Graph Limits: Limit theories for dense and bounded-degree graph sequences had been worked out prior to this project, but their properties and applications remain important and successful research topics. Such applications have been found by researchers from Charles University and the Rényi Institute.

Substantial progress has been achieved in the case of graph sequences of intermediate density. Right-convergence of graph sequences has been defined for intermediate densities, and limit objects in the form of Markov spaces (measurable Markov chains with a stationary distribution) and double measure spaces (Markov spaces with an additional node measure). A crucial question emerged about the definition of left-convergence (or local convergence); in particular, how to define subgraph densities in Markov spaces. Here an unexpected and exciting connection with the theory of orthogonal representations of graphs has been discovered.

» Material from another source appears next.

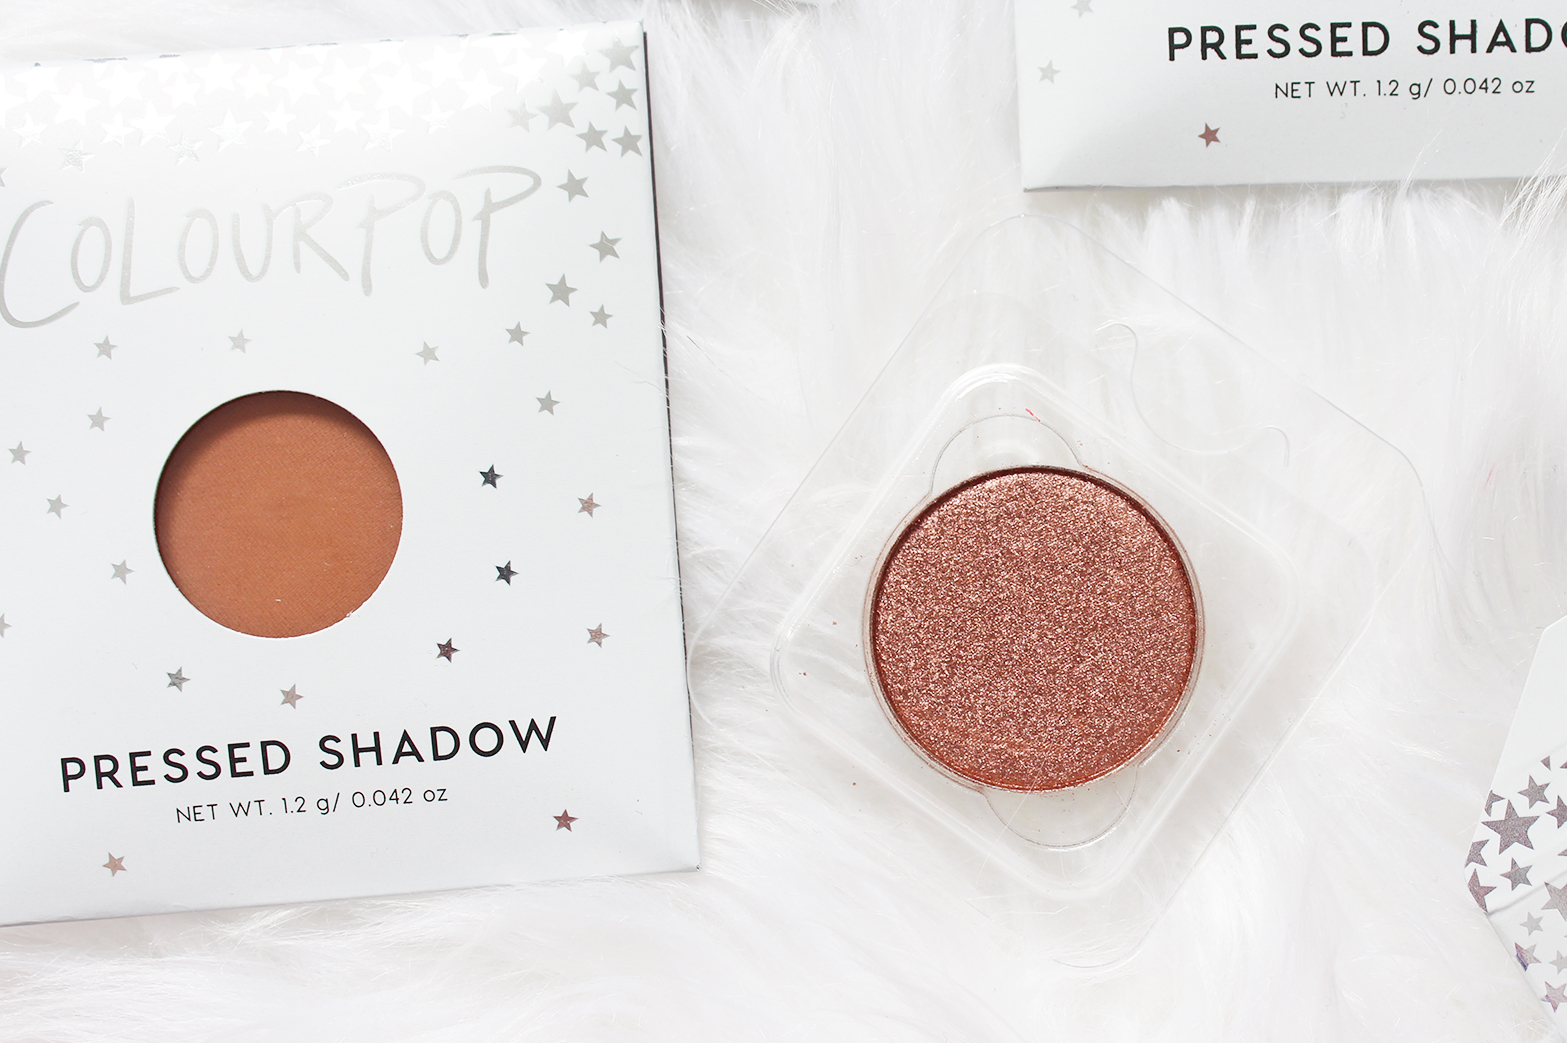 COLOURPOP COSMETICS | Brand New Pressed Shadows - Review + Swatches - CassandraMyee

One substantial report is posted on the ArXiv; another one is almost finished, and should be publicly available within a few weeks.

Structural network theory: The main center of this research in this area is Charles University, with active cooperation with researchers in Budapest and in Paris. The main subtopics are:

Sparsity: The hierarchy of sparse classes (bounded expansion, dense nowhere) is well established and is the subject of intensive research by many people. For monotone classes, this hierarchy mirrors a classical hierarchy in model theory (stability, NIP), with the notable exception of the dividing line delimiting polynomial expansion, which is equivalent to the existence of strongly sublinear separators. For hereditary classes, the notion of structural sparsity is more elusive and is the object of our current studies. All these sparse classes allow to obtain efficient algorithms (FPT) for pattern counting and, more generally, for model checking.

Logical limits: Among the many equivalent characterizations of nowhere denseness, which is (for monotone classes) the main dividing line between sparse and dense classes, there is a characterization in terms of the existence of particular limit objects, the modelings (i.e. totally Borel structures with a probability distribution on the domain). The underlying theory of structural limits (based on first-order property satisfaction statistics) is a general setting with applications to clustering and is particularly interesting for bounded treewidth modelings, for which a mass transport principle fully applies.

Ordered structures are studied from an algorithmic and extremal point of view.

Of particular interest is the newly defined twin-width invariant. Graphs with bounded twin-width are intuitively those that can be created by inductively splitting a vertex so that the maximum accumulated error is kept locally bounded. It is remarkable that for classes of ordered graphs, having bounded twin-width coincides with the model theoretical property of being NIP.

Universality: This classical model theoretic problems is cast into new context of EPPA problems and other group properties and homogeneity in general. Tree growing procedures with special products may have relevance to dynamics of networks. Universality reasoning also leads to new representation of planar and proper minor closed classes with many applications.

Structural Ramsey theory (particularly in relationship with Ramsey classes) has recently been revitalized both with strong finite theorems and big Ramsey degrees for countable structures.

Strong connection of this area with topological dynamics leads to many applications and interesting problems. The implications of these results for unavoidable configurations and canonical forms of motifs in networks are under investigation.